Friday, June 6, 2008

De Dicto Propositions Are Grounded in Concepts and De Re Propositions Are Grounded in Objects


On the contrary
, Forbes' In Defense of Absolute Essentialism: Necessary propositions of a de dicto form are necessary on account of de re facts about the objects which are constituents in the proposition - namely, the subject and predicates. So de re modality is fundamental, but de dicto is not therefore ranging over merely statements, rather it expresses de re modality in a different manner. Forbes states, "...even in simple de dicto neccesities, the source of the necessity is to be found in the properties to which the predicates of the de dicto truth refer" and, accordingly, "I deny that the source of de dicto necessity is in concepts."

I reply, though we may speak of the "properties" of the square and of right angles being the ground for such a de dicto truth, these are not objects and they are neither actual nor existents - they are objects and properties merely in conceptu. For any particular square, it is true, it will have right angles as a result of its own particular nature and its de re character. But this does not change the fact that the necessity of the proposition 'a square has right angles' is grounded in the concepts 'square' and 'right angle', not in any particular square or any particular right angles - and therefore, not in a de re fashion. This is why Leibniz stated in a letter to von Hessen-Rheinfels that "...we must philosophize differently about the notion of an individual substance than we do about the specific notion of a sphere".

On the other hand, perhaps it is the case that de re statements just are expressions of de dicto statements and therefore all modality is founded in conceptu. For a property P to be necessary to an object x just is for the proposition "if x has a certain set S of properties, x will have P" to be logically necessary. So, in the end, modality in the end is founded in and depends on dicta.

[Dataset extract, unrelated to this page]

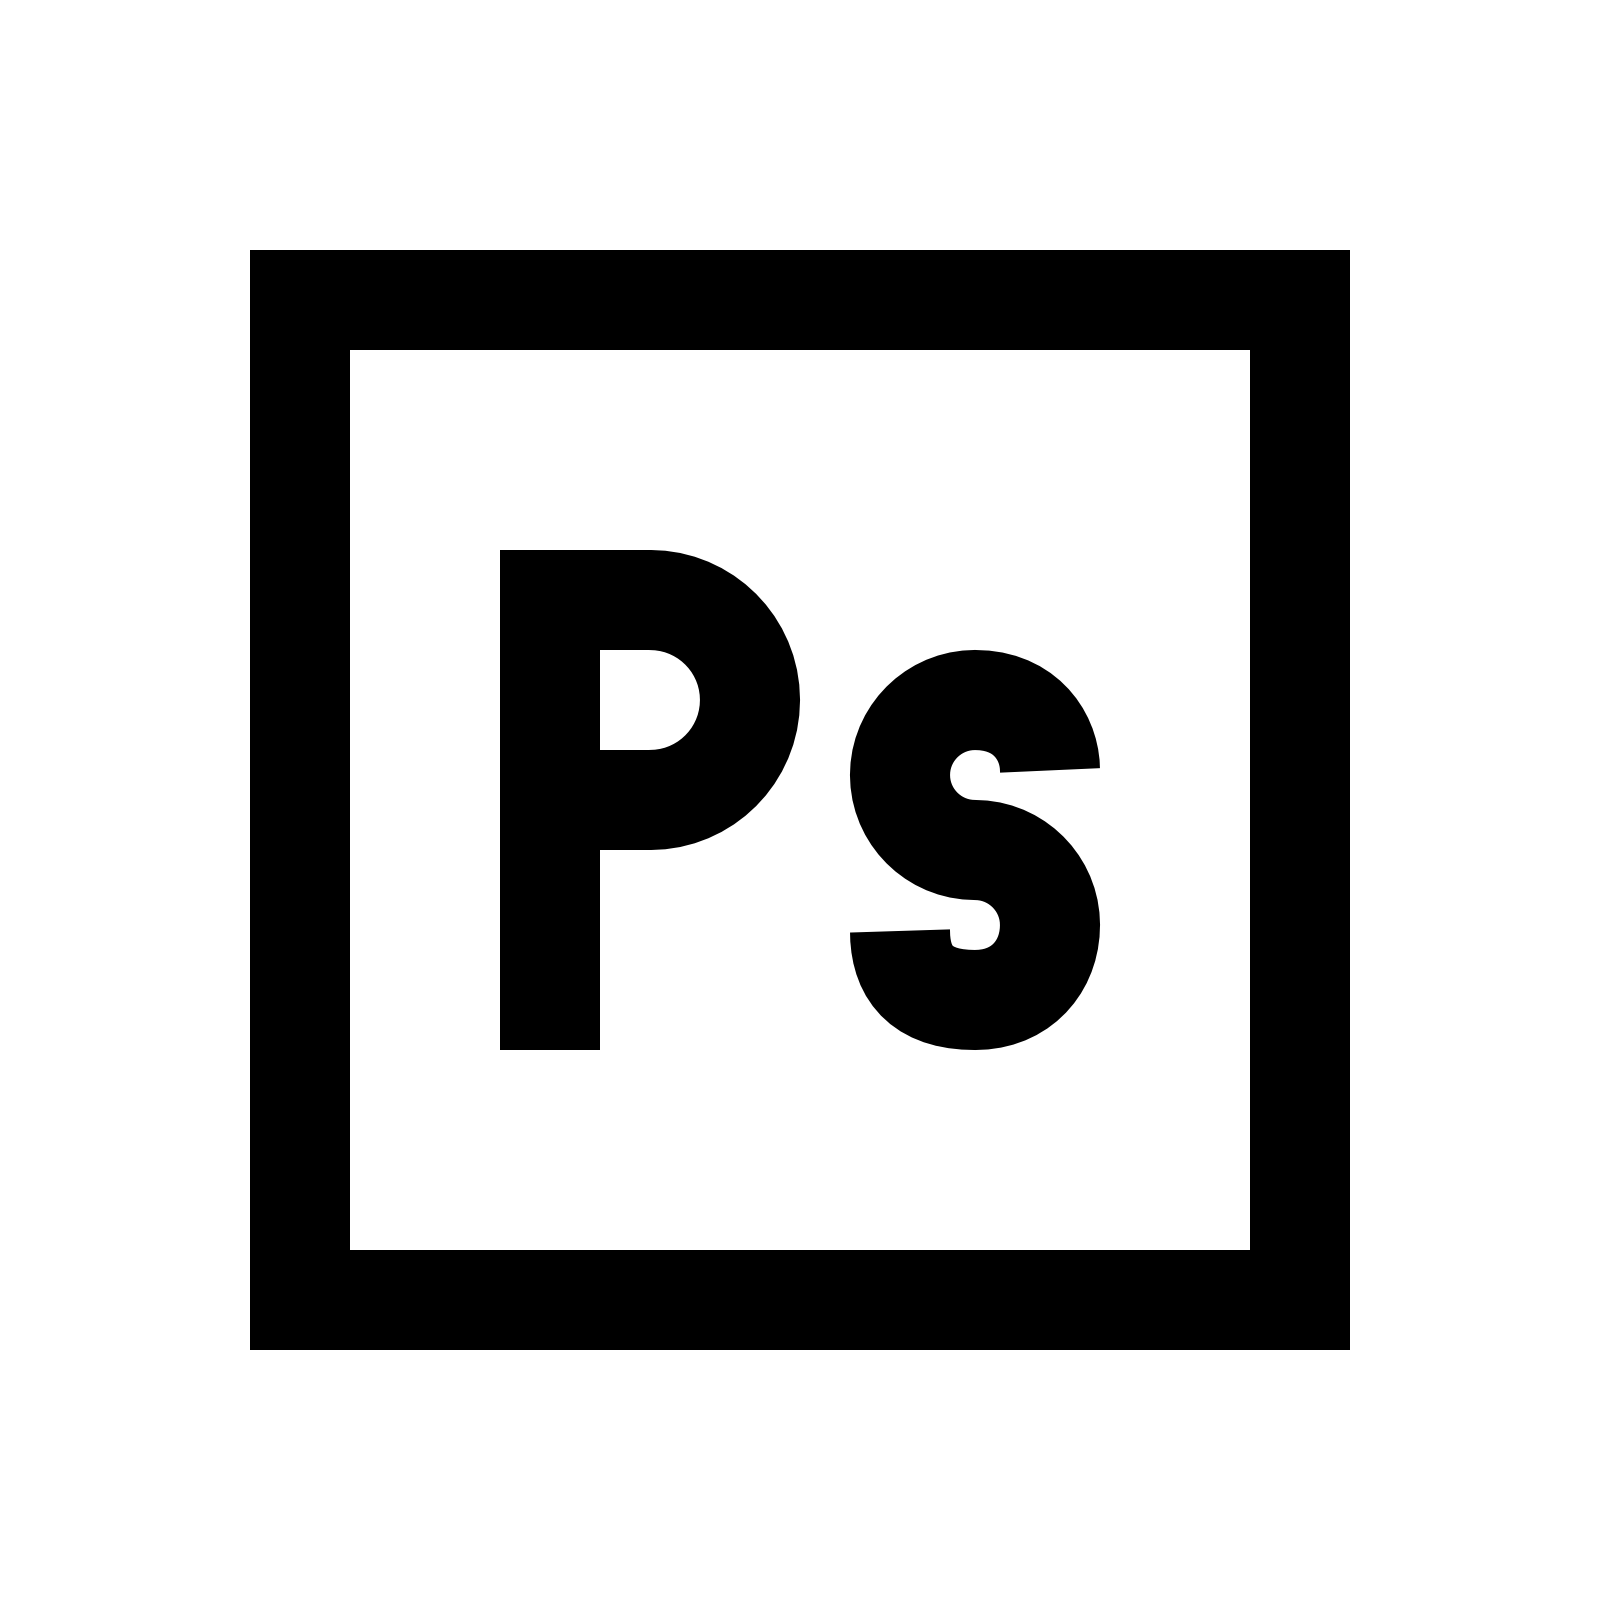 PS Logo Transparent Image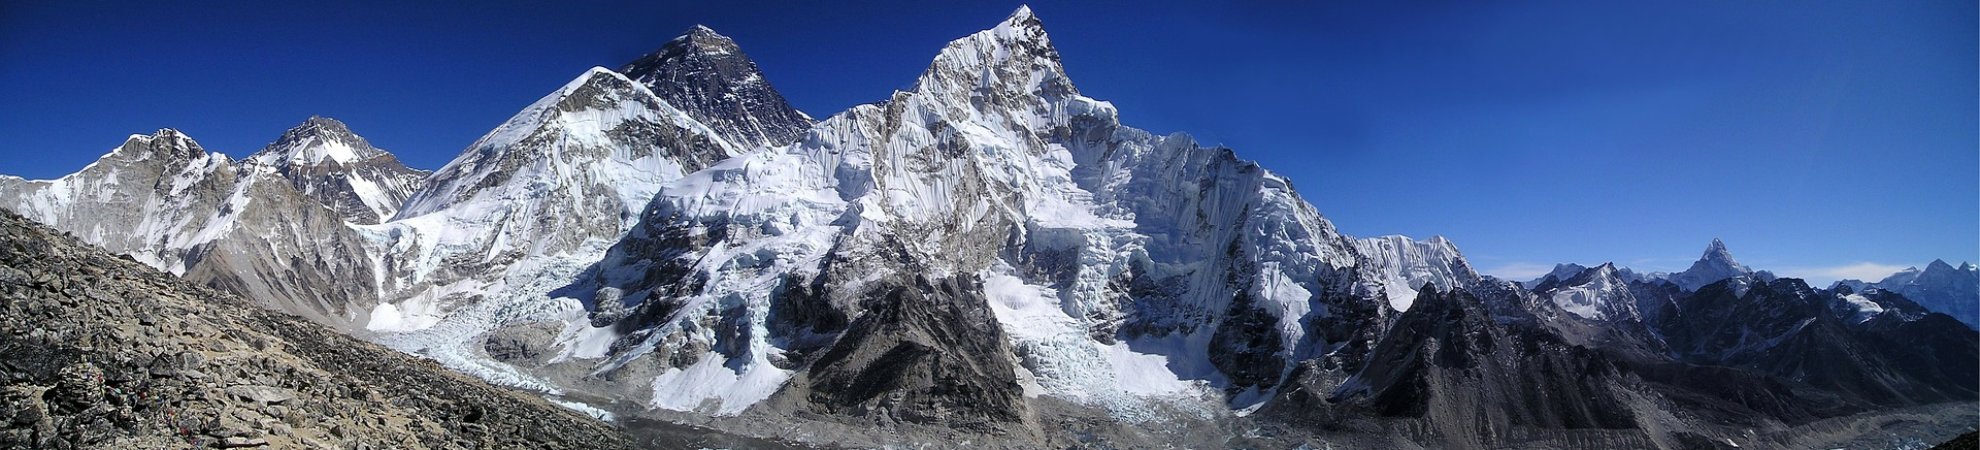 Everest waste cleanup

I reply that though such entailments might express necessary statements of de dicto modality, this does nothing to reduce de re modality. For this de dicto truth is truly founded in the de re character of the objects in question. S entailing P necessarily speaks of the modal character of the properties of S and the nature of x. For x must be such that it is able to posses all of the properties which are members of S and each property in S must be capable of being compresent with the others. There is then de re modality in both of these aspects - since presumably not all objects that have S will have to have P and not all properties are compossible with one another. These de re truths might have some de dicto translation but it is, at any rate, secondary and supervenient with respect to them.